Today's Tunnel Boring Machines (TBMs) rank among the wonders of modern machinery. As wide as a several-story building and as long as a football field, these giant metal worms chew their way through rock and earth to dig out the world's ever-expanding networks of subways, drain tunnels, mines and bunkers. Aft of a huge rotating cutting head, a series of powerful jacks press, push and release the TBM along the tunnel's walls, to drive the excavation forward.
From the tunnel head forward of the cutting head, the excavated material trundles through the bulk of the machine like food through a gut to waiting hopper cars, which carry the rock out of the tunnel to a dump area. The insides of the TBM form a mass of engines and moving parts as dense as a sub's interior, full of noise and motion.
But in the 1970s, Los Alamos National Laboratory explored a science-fiction approach to tunneling: using nuclear power to literally melt holes through rock and turn the melted rock into tunnel lining. One product of the lab's research was a patent for a nuclear subterrene—a machine which could theoretically move through rock the way a submarine moves through water.
"The Atomic Subterrene," writes Mark, the author of the superlative Atomic Skies blog, "is a very atompunkish name. It sounds like a gadget Tom Swift might invent, and which would then be stolen by vaguely Slavic communists." But it grew out of serious Cold War propulsion research and aimed to solve serious problems in civil engineering. In an alternate timeline, it might have transformed America.

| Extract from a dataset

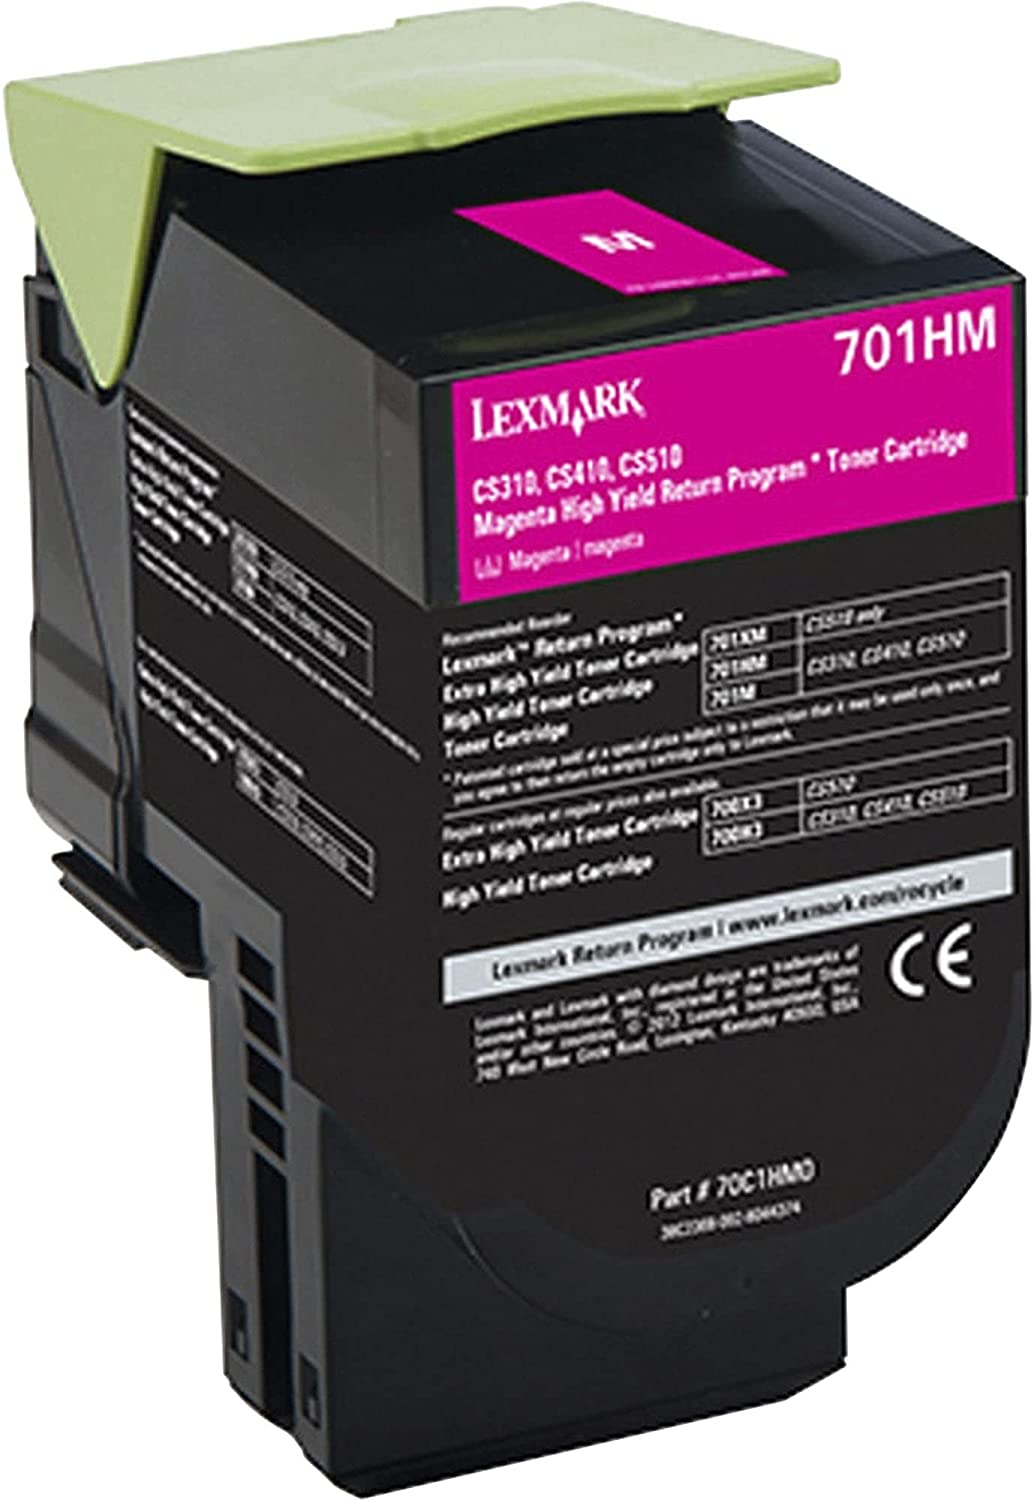 Lexmark, LEX70C1HM0, 70C1H Toner Cartridge, 1 Each, Magenta (701HM)

During the pursuit of nuclear-powered flying machines in the 1950s, Los Alamos engineers built an electrically-powered mockup of a prototype reactor that heated propellant to 3000 degrees centigrade. When the reactor project was canceled, team members sought other applications for their work. After reading Edgar Rice Burroughs' At The Earth's Core, an engineer named Bob Potter decided to see if the tungsten heating elements developed for the reactor mockup could melt rock.
Potter's 1961 experiments showed that indeed, the technology could punch through rock by melting it into lava. But the lab turned to other matters and Potter's concept laid fallow until a curious incident at a coffee shop in 1970 revived the idea.

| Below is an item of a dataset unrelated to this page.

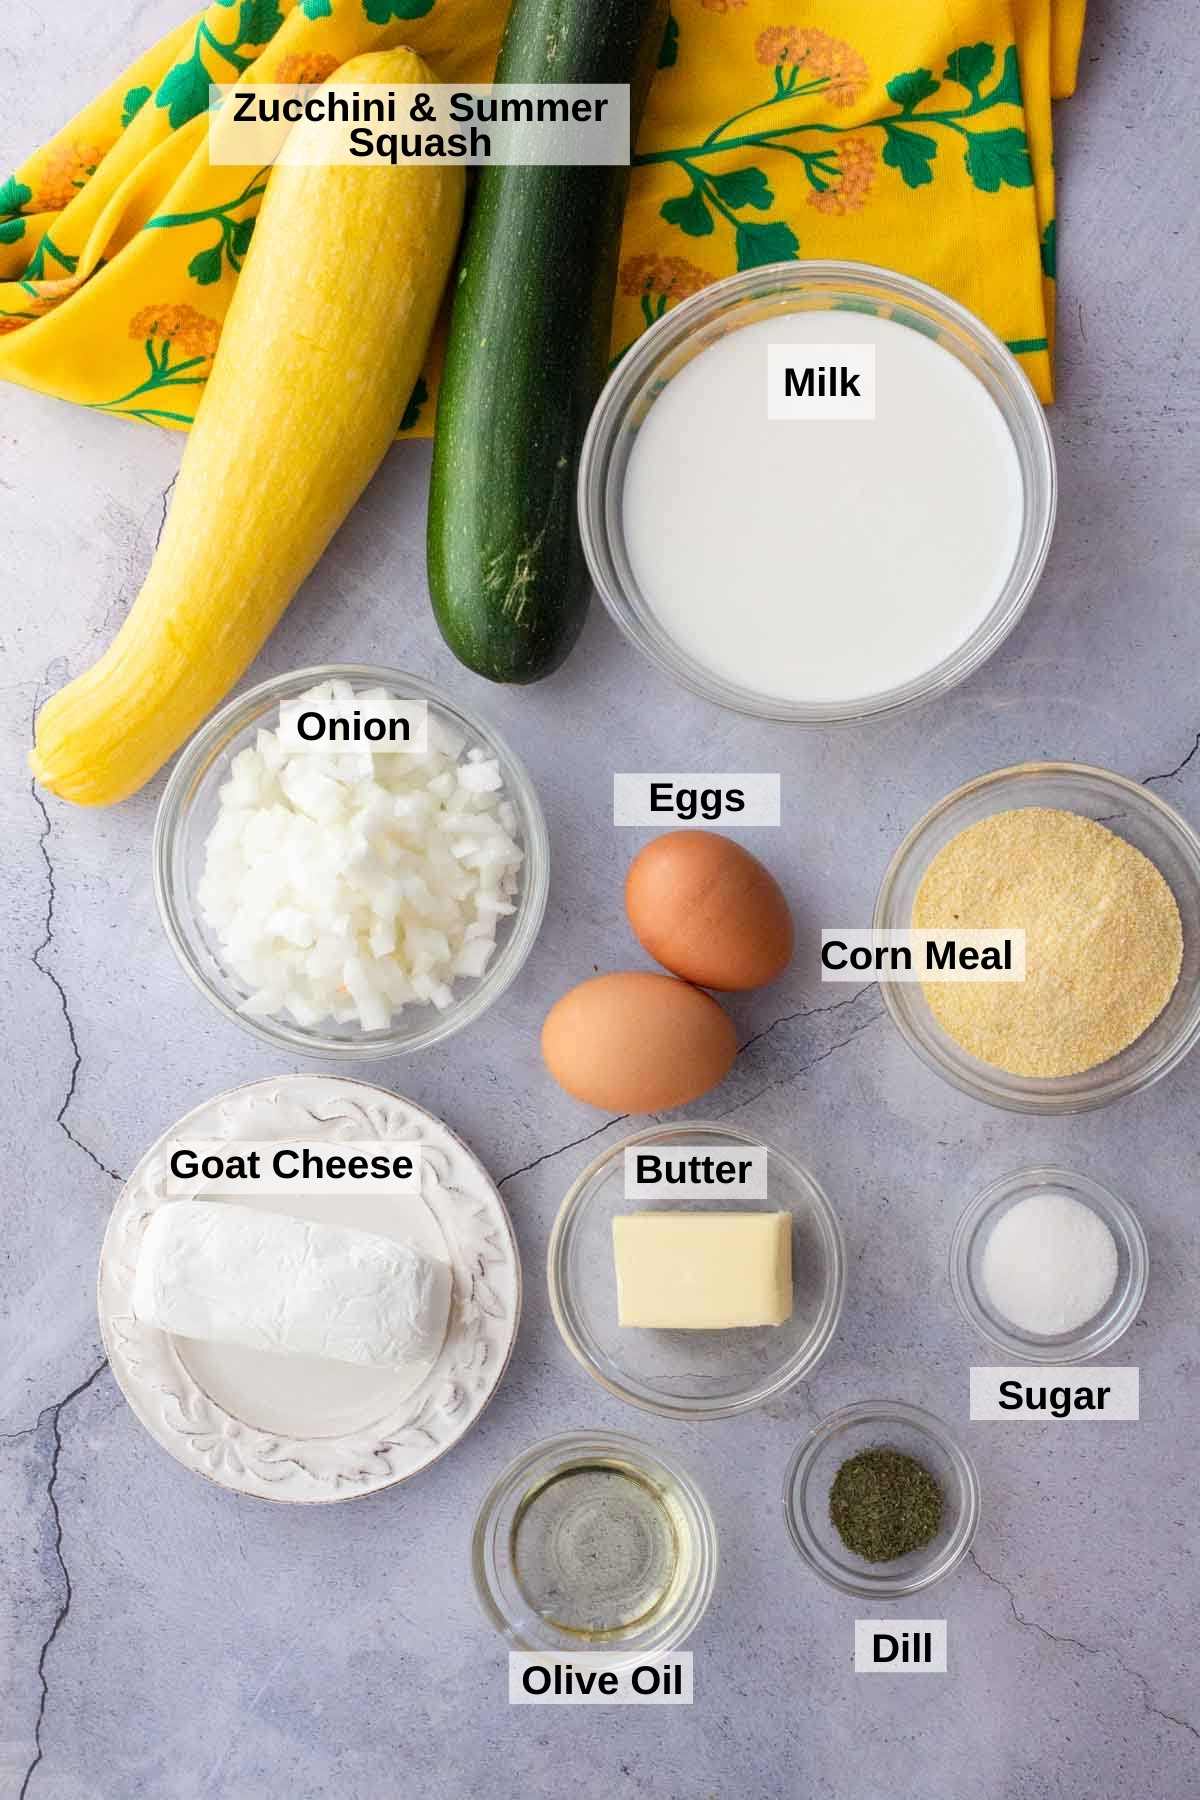 Ingredients to make zucchini squash casserole.

Lab workers were shooting the breeze after a meal and the subject of Potter's rock melter came up. Someone suggested driving the device with a nuclear reactor, and while the notion was being discussed a Congressman stopped by to greet the Los Alamos men. Mistaking their blue-sky talk for an actual program, the Congressman enthusiastically endorsed the idea and would raise it with his oversight committee. Upon learning of the Congressman's plan, Norris Bradbury, Los Alamos' director, approved of the idea and made the informal discussion a real thing.

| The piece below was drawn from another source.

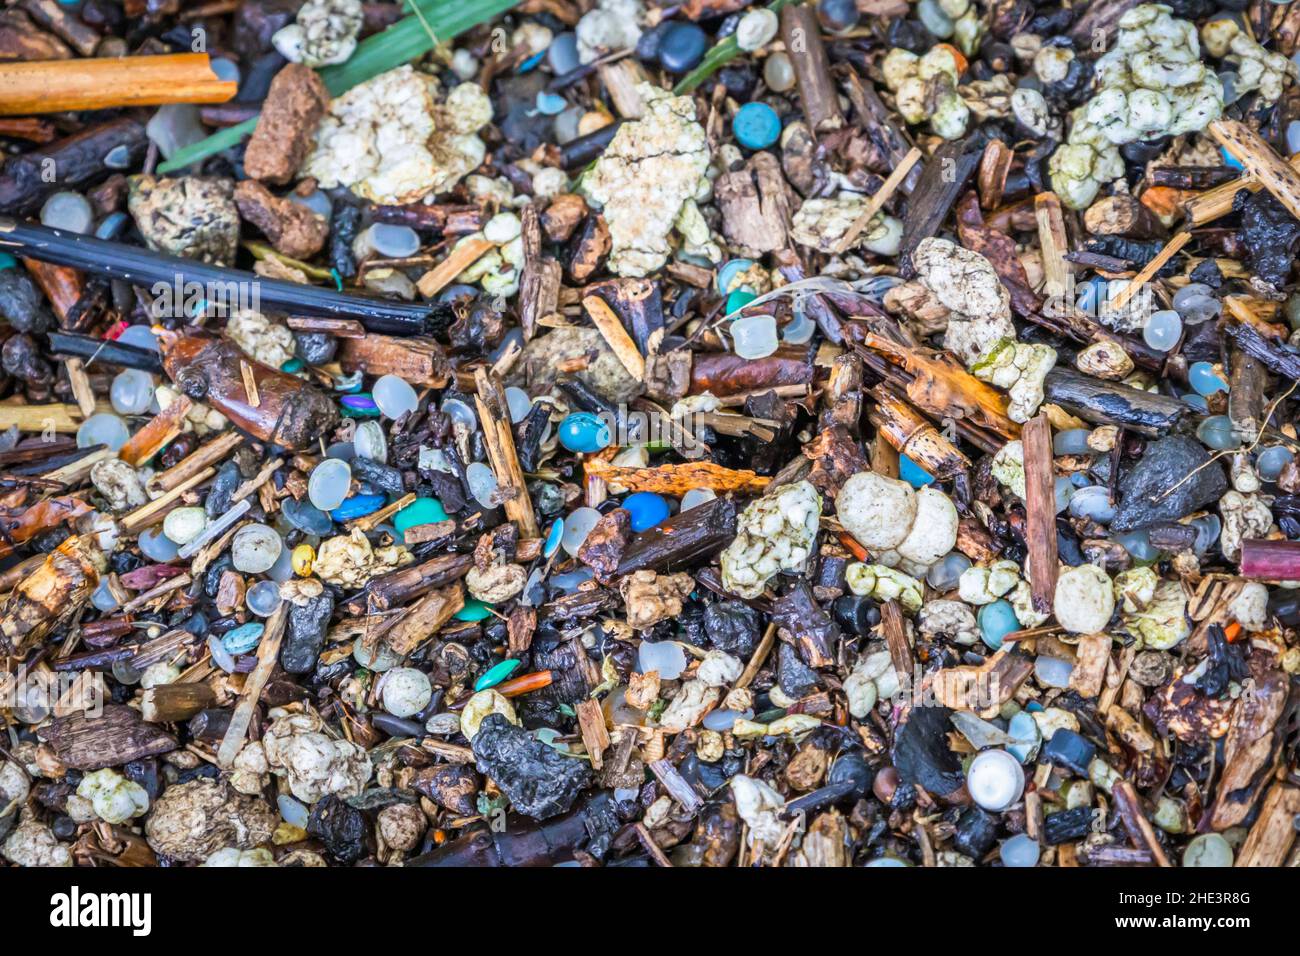 Plastic pollution crisis, environmental damage at UK nature reserve Stock Photo

A study group was assembled and a bold paper was produced. The nuclear subterrene when fully developed would be “capable of penetrating the earth to depths of tens of kilometers... To extend geological and geophysical exploration into the earth's mantle.”
A cutting head with no moving parts, which worked by melting rather than cutting, need not be circular and its tunnels need not be cylindrical but could be square or any other shape. With no moving parts, there would be almost no vibration, a key advantage where ground disturbance was an issue.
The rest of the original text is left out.